What the new CMS marketplace proposal means for behavioral health providers, payers

The U.S. Centers for Medicare & Medicaid Services (CMS) is seeking to expand access to behavioral health services by converting mental health facilities and substance use disorder treatment centers into essential community providers (ECPs).

The changes, part of the 2024 Notice of Benefits and Payment Parameters proposal, would mean that health plans offered through federal and state marketplaces must cover these behavioral health providers.

If passed, the changes could make it easier for patients to receive behavioral health services. It may also put pressure on payers to contract with behavioral health providers.

“Adding mental health and substance use facilities to the list of essential community providers would make sense in several ways,” Michelle Guerra, senior consultant for population health and health equity at RTI Health Advance, told Behavioral Health Business. “First, it will expand access to behavioral health care for members of marketplace plans. And second, it sends a clear message that behavioral health is an essential type of health care, reducing the stigma surrounding behavioral health.”

The proposal would affect approximately 14.5 million people enrolled in health plans through the Marketplace, the majority of whom are individuals who are not eligible for Medicare, Medicaid, or the Children’s Health Insurance Program (CHIP) coverage. That number could grow as the Public Health Emergency (PHE) ends and states begin re-determining Medicaid eligibility.

The proposal could reduce the number of out-of-network behavioral health facilities, potentially lowering costs for patients, according to Guerra. In fact, she noted, behavioral health facilities are five times more likely to be out-of-network than medical-surgical inpatient facilities, according to research by risk management, benefits and technology firm Milliman.

It’s not just patients who will be affected by the proposal. In response, payers may need to increase their contracts with mental illness and substance use disorder providers in their service area.

“This may mean going to some mental health and substance use facilities [that] have been unable or unwilling to enter into a contract in the past – perhaps due to unattractive reimbursement or difficult pre-authorization requirements,” Guerra said. “This is a chance for payers and out-of-network facilities to come back to the table and work out a contract that can meet the needs of both parties.” Payers will likely need to be more flexible in their contracting efforts to include more of these facilities, such as considering higher reimbursements or other incentives.

The new proposal also seeks to expand the current general threshold of 35% provider participation to federally qualified health centers (FQHCs) and family planning providers (FPPs). FQHCs and FPPs are two of the six types of care providers designated as ECPs.
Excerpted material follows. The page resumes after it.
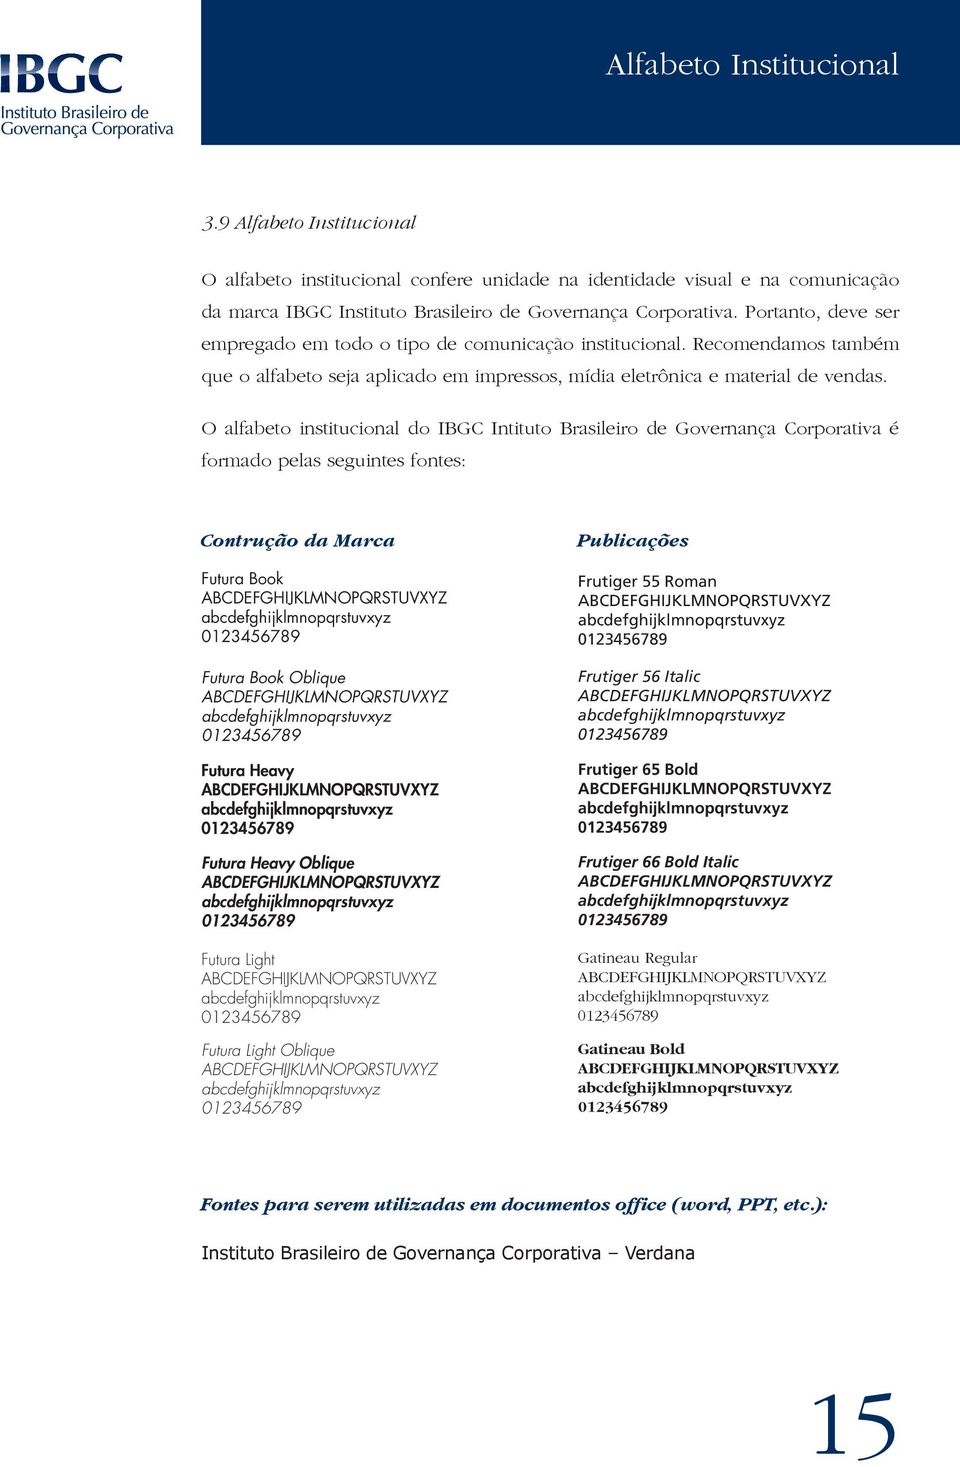 O alfabeto institucional do IBGC Intituto Brasileiro de Governança Corporativa é formado pelas seguintes fontes: Contrução da Marca Futura Book Futura Book Oblique Futura Heavy Futura Heavy Oblique

“FQHCs and FFPs may already include integrated behavioral health services or partnerships with other community behavioral health providers,” Guerra said. “Requiring payers to increase their contracting efforts with FQHCs and FFPs can increase access to behavioral health services for members, closing the large gap between the demand for behavioral health services and the shortage of providers.”

In addition to changes to behavioral health providers, the proposal also includes provisions aimed at streamlining the marketplace’s health plan selection process and making enrollment easier for individuals who lose their Medicaid or CHIP coverage. Specifically, the rule would allow people who lose coverage to enroll in a marketplace health plan 60 days before or 90 days after losing coverage.

Up to 18 million people are at risk of losing their Medicaid coverage when PHE ends, according to Urban Institute research. An estimated 4 million people currently enrolled in Medicaid will remain uninsured, the study predicts. In addition, about 3.2 million children will switch from CHIP to another health plan.

The federal government has launched a number of initiatives aimed at expanding access to behavioral health services for Medicare and Medicaid beneficiaries.

For example, earlier this month CMS announced a new Medicare Advantage (MA) proposal that would add psychologists, licensed clinical social workers, and opioid use disorder (OUD) prescribers to the list of evaluated MA specialties. The proposal also includes new standards for behavioral health wait times.

In addition, CMS is finalizing new rules that allow behavioral health providers to bill for visits by licensed professional counselors (LPCs) and licensed marriage and family therapists (LMFTs). The rules also allow hospital outpatient departments to bill for home telebehavioral health services.